Proof that a Octahedron graph is 3-colorable?

Question

I worked on a problem that gives an adjacency matrix and lets you draw a graph from that. After some time I found that the graph is a) planar and b) not any planar graph, but a Octahedron.

The next part asked for a coloring of the graph and a proof thereof. We know that every planar graph can be colored in at most 4 colors by the 4-Color-Theorem, but after some trying I found out the above graph can be actually colored in 3 colors. Is there any straightforward proof of that, besides a proof by picture that just shows the actual coloring?

It has to do with the triangles that exist in the graph, so I thought a bit about using some kind of structural induction that starts with one triangle and then adds more until the structure is complete, but I think that is also quite involved.

Answer 1

Each vertex is adjacent to four others, and antipodal to one.
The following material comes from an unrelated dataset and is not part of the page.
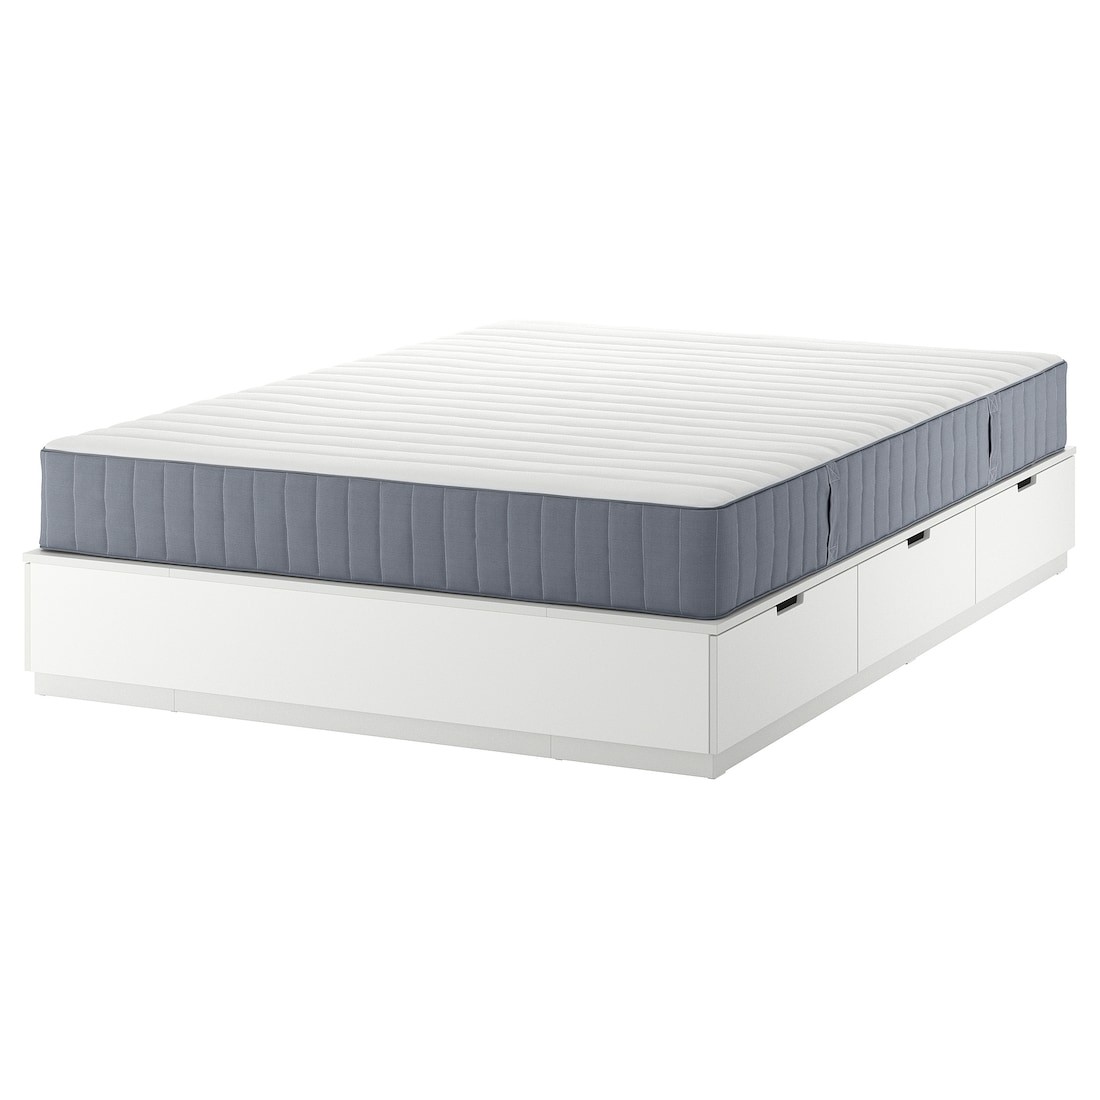 NORDLI Кровать с контейнером и матрасом, белый / Valevåg жесткий, 160x200 см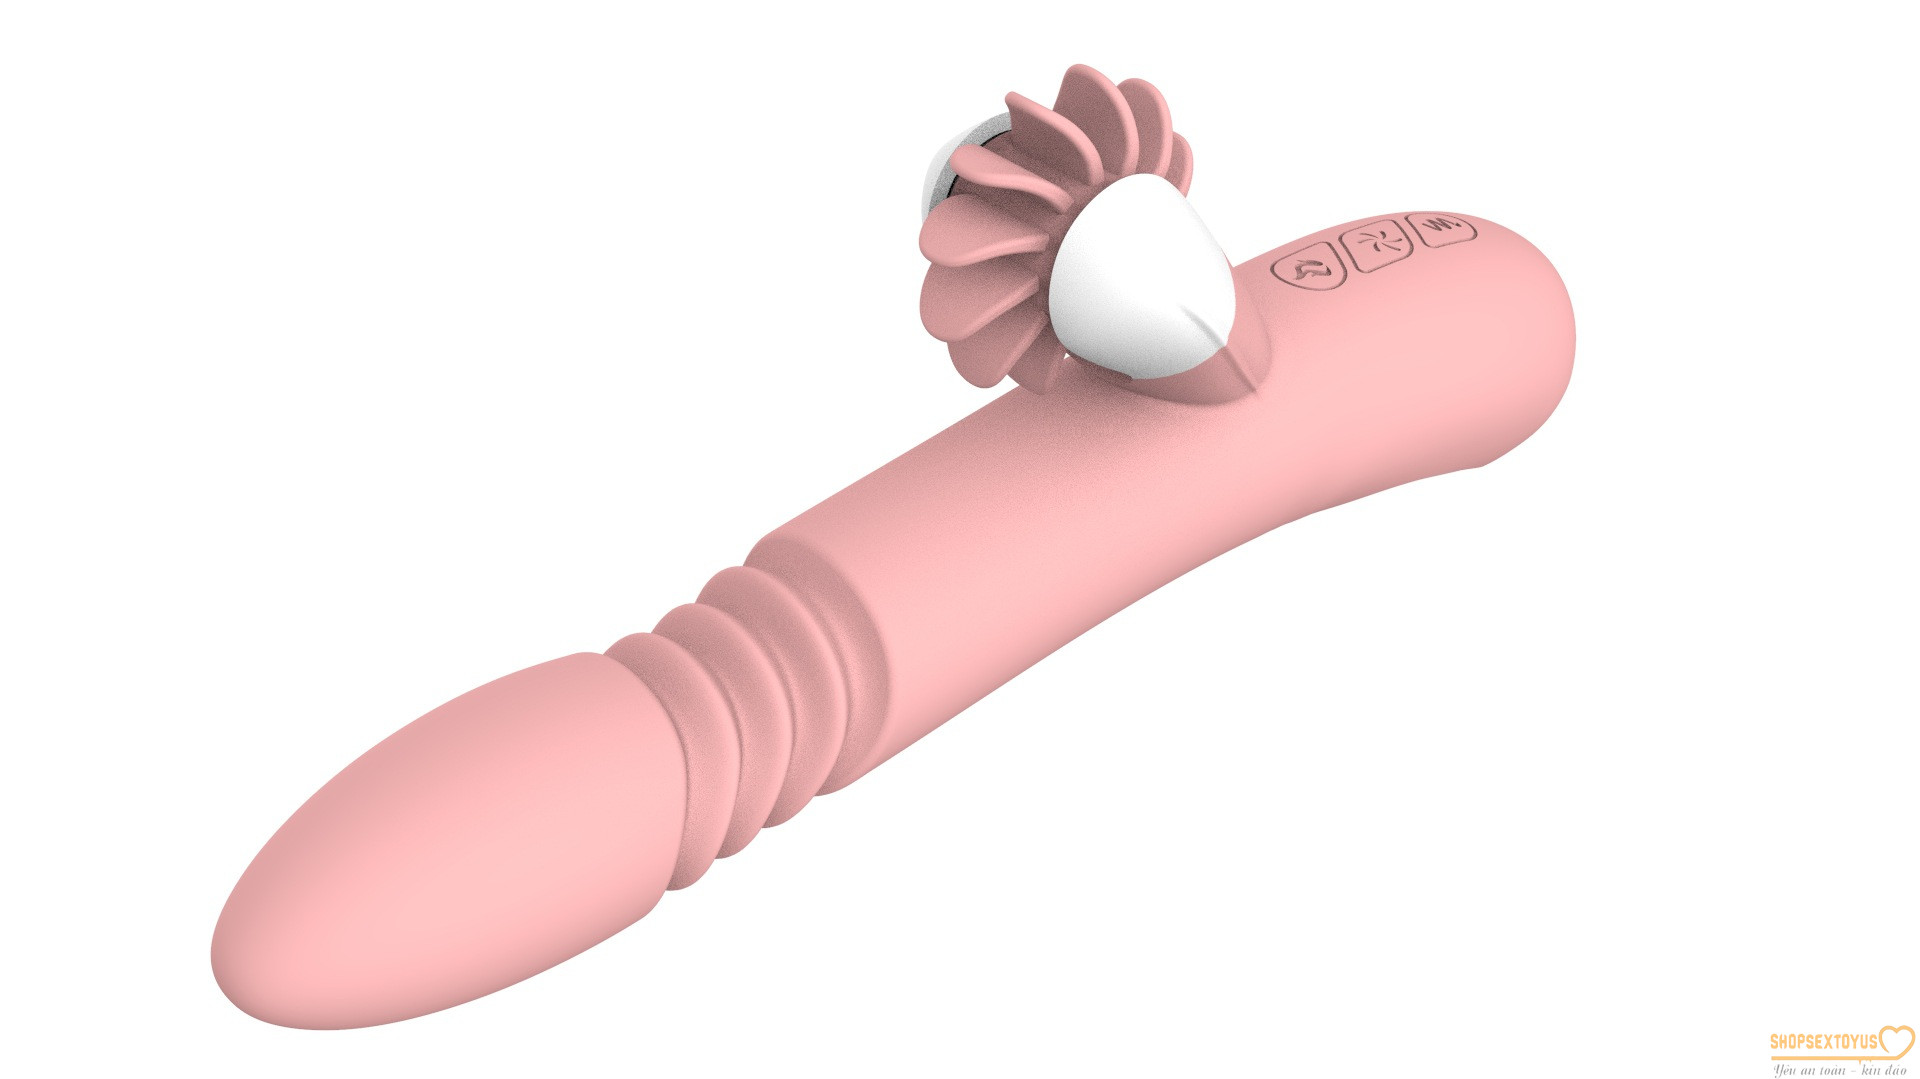 Dương vật giả lưỡi liếm Manokelle Female Vibrator – DVCT 423| đồ chơi tình ái máy rung âm đạo

There are six vertices, hence three nonadjacent, antipodal pairs. Each antipodal pair receives one color.

Answer 2

If you know that the regular octahedron is the dual of the cube, then you know that $3$-coloring the vertices of the octahedron is equivalent to $3$-coloring the faces of the cube. If the cube is in standard position in a coordinate system, then each face of the cube is parallel to one of the three coordinate planes, and of course parallel faces can be given the same color.